Anyway, included is a picture of a shoe that came off my train between Victoria and Clapham. After the nice men on all over high viz came along they dumped the naughty part in the rear cab. Delay 1.5 hours.

 

[Bald Rick]

Dual electrified track is kept to a minimum, isn't it, because the two systems have different earthing requirements? I gather the heavier the traffic, the bigger the problem. Somebody on another thread within the last year said that on the dual-electrified stretch of Thameslink there's a lot of sophisticated and expensive equipment to switch the earthing system between the passage of one train and the next.

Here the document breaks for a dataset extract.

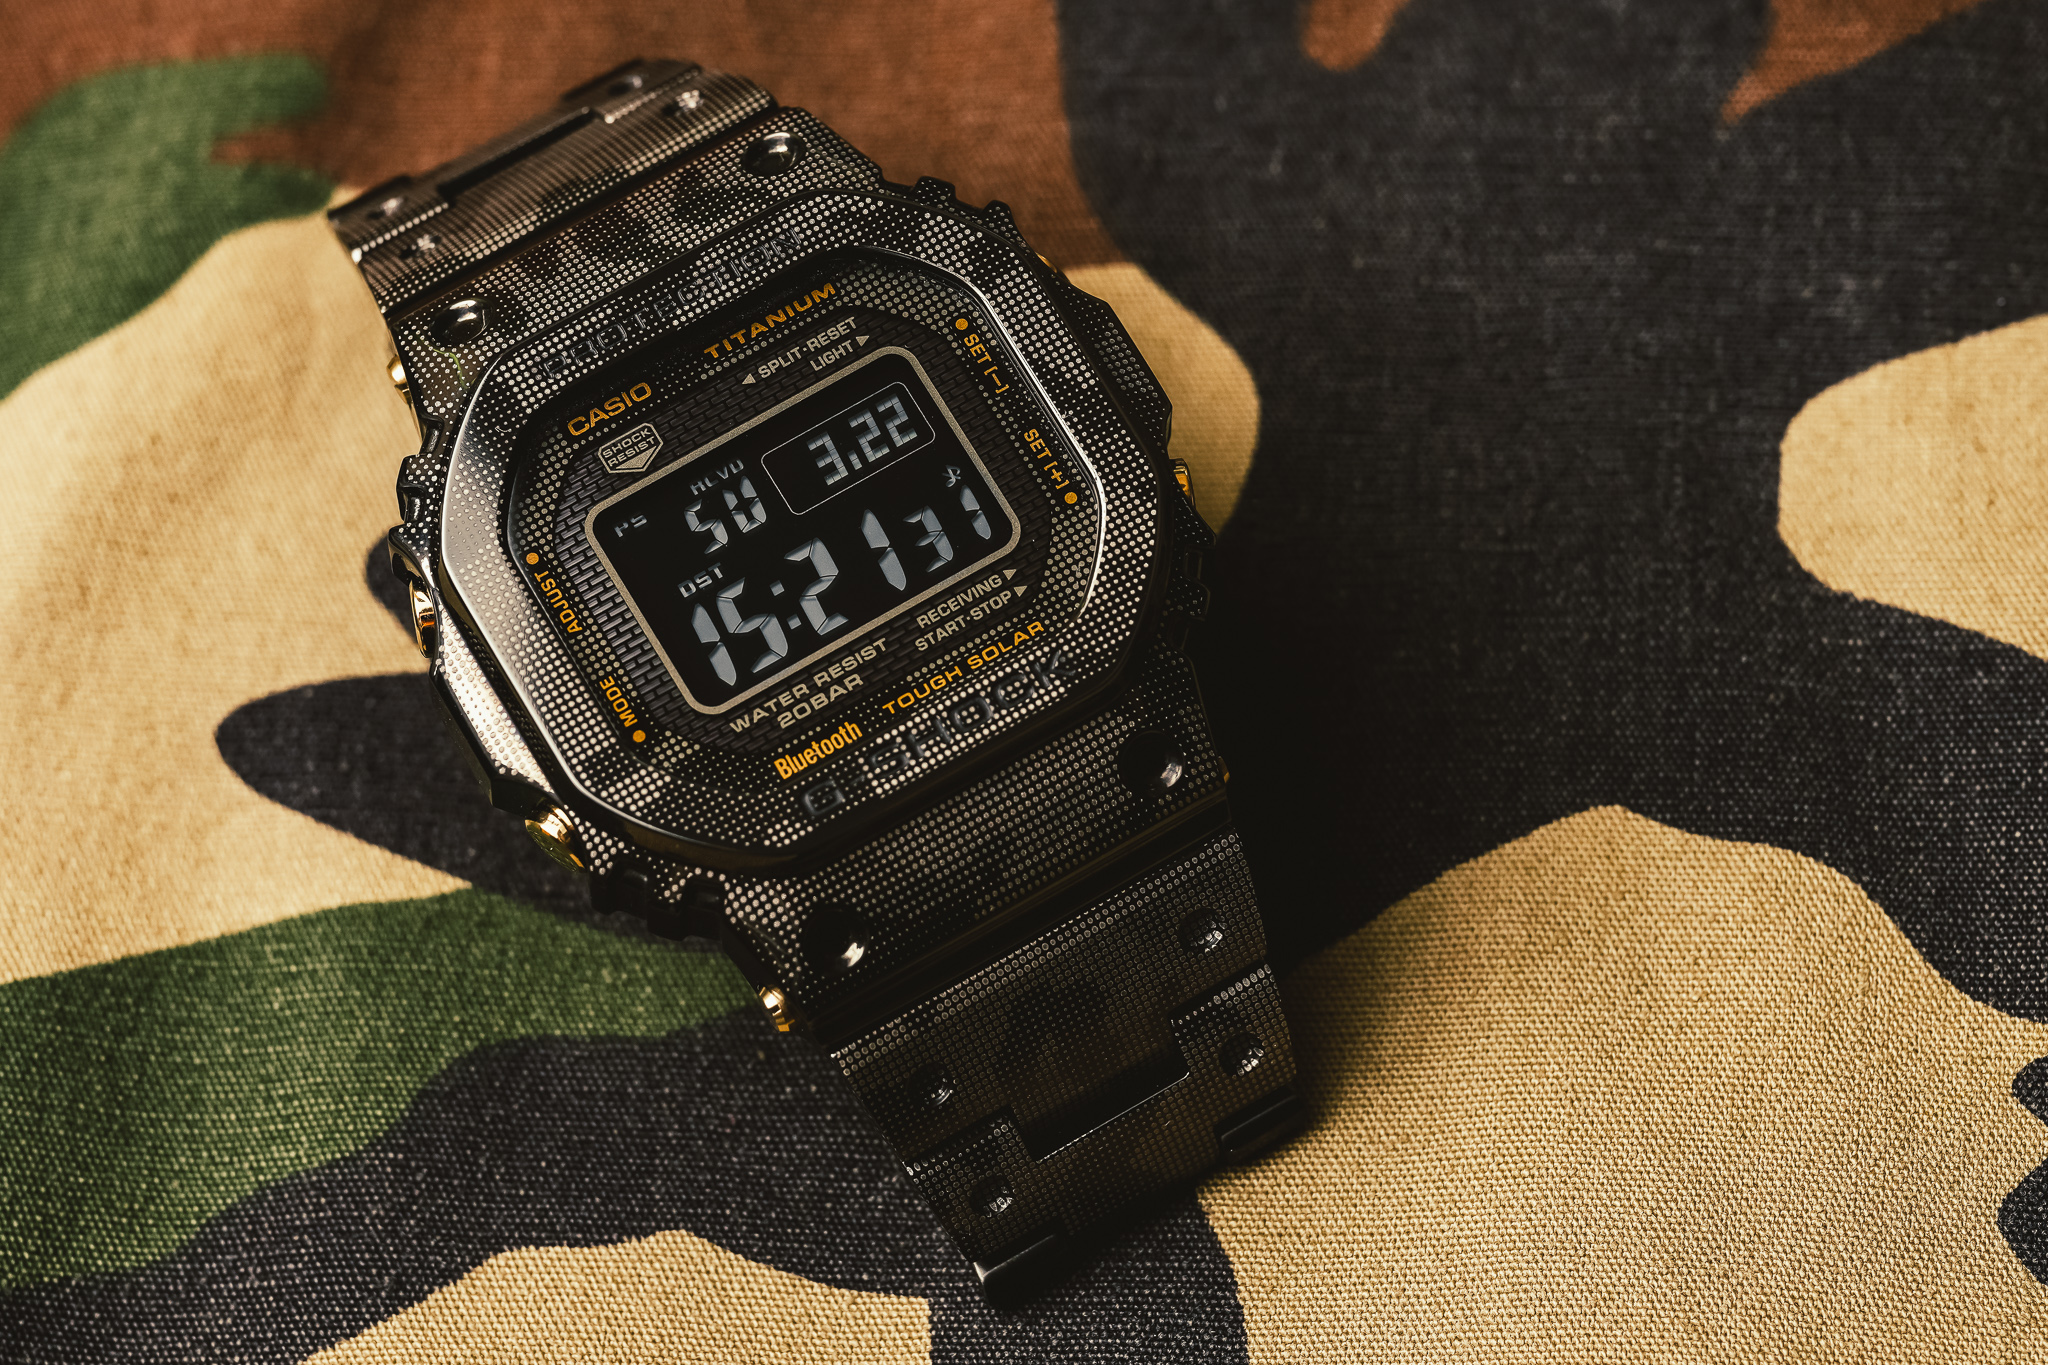 How Not To Be Seen: A Primer On Camouflage With The Casio G-Shock 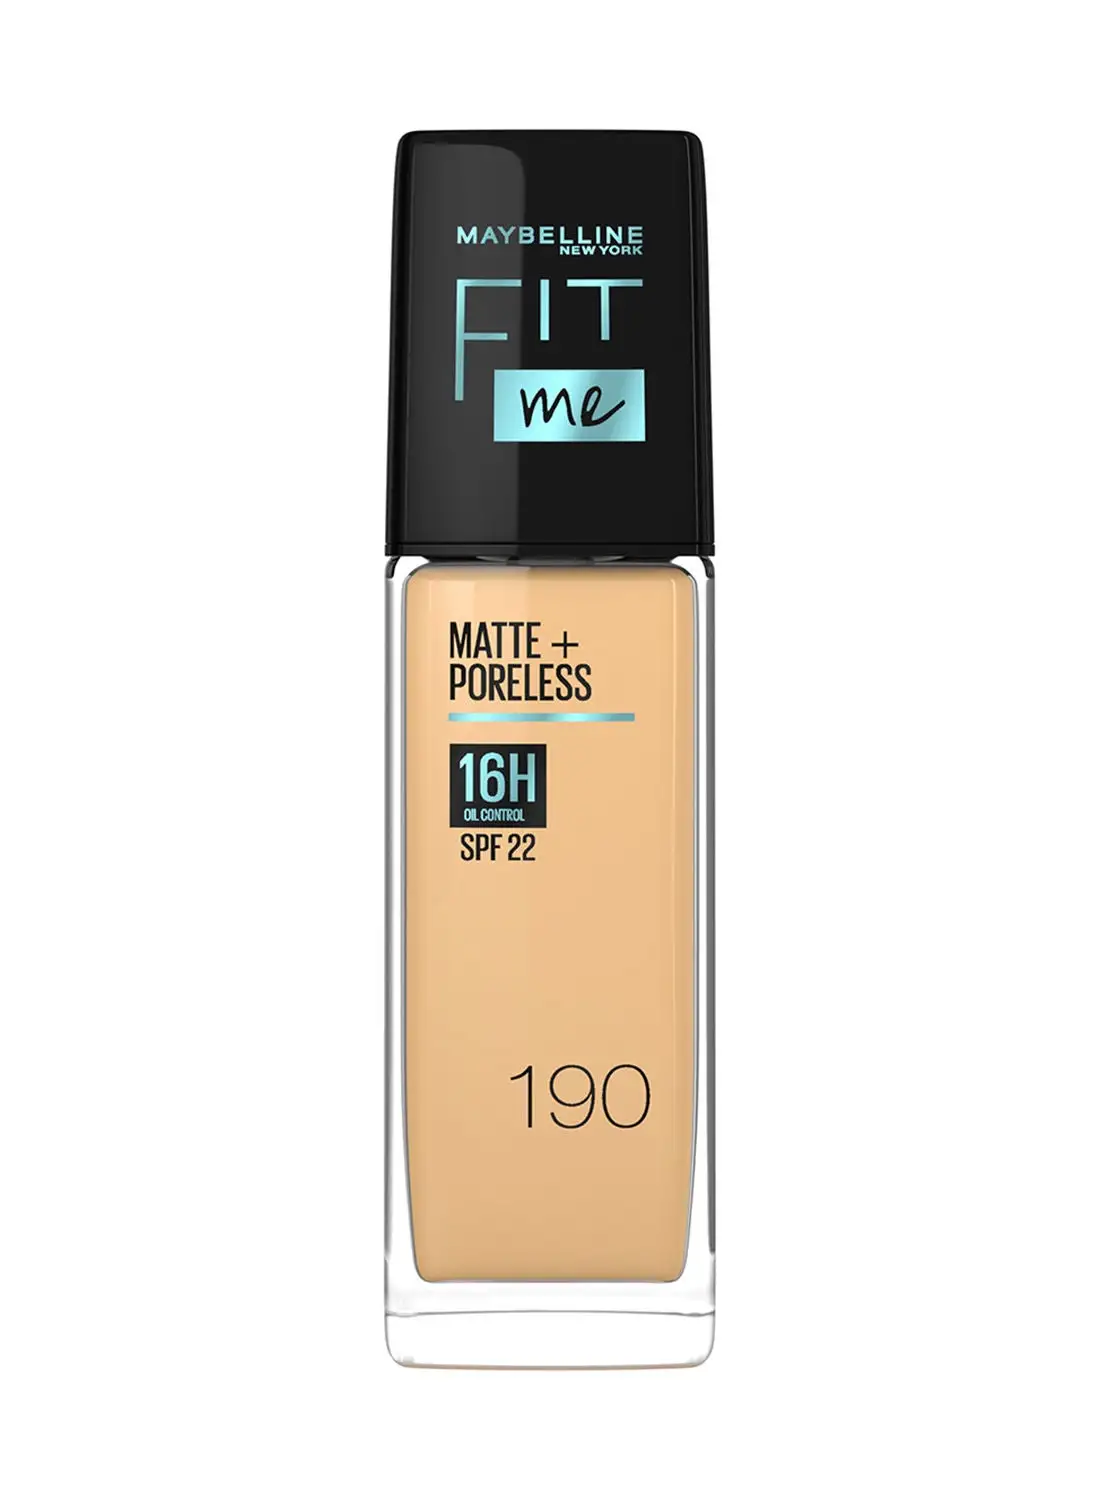 MAYBELLINE NEW YORK Maybelline New York Fit Me Matte & Poreless Foundation 16H Oil Control with SPF 22 - 190

The TL core is an unusual case, as it is built for 30tph in a recovery situation, all 12 car, 5MW units. And the feeder station for the third rail is between Blackfriars and City Thameslink (and it's a whopper), so there is a lot of return current flowing around along with the potential for stray currents. The presence of the LU traction system at Farringdon doesn't help either. So there is a contractor system that switches between the earthing systems, literally following the trains using track circuit indications.
--- old post above --- --- new post below ---

From what I've read train speeds etc are even resticted by power through the over head. So high speed trains running under 1500dc (NL) and 3000dc (B) hace much lower speeds and total power. Even German ICE's and French TGV's have a lower top speed on the German 15kv AC lines than the 25kv lines on the LGV's in F,B,NL etc.

Almost every DC compatible unit delivered here in the past decade or so has had the power artificially limited on the DC as it would overload the traction supply system. Compare a 377/5 at full acceleration on the Brighton main line vs the MML.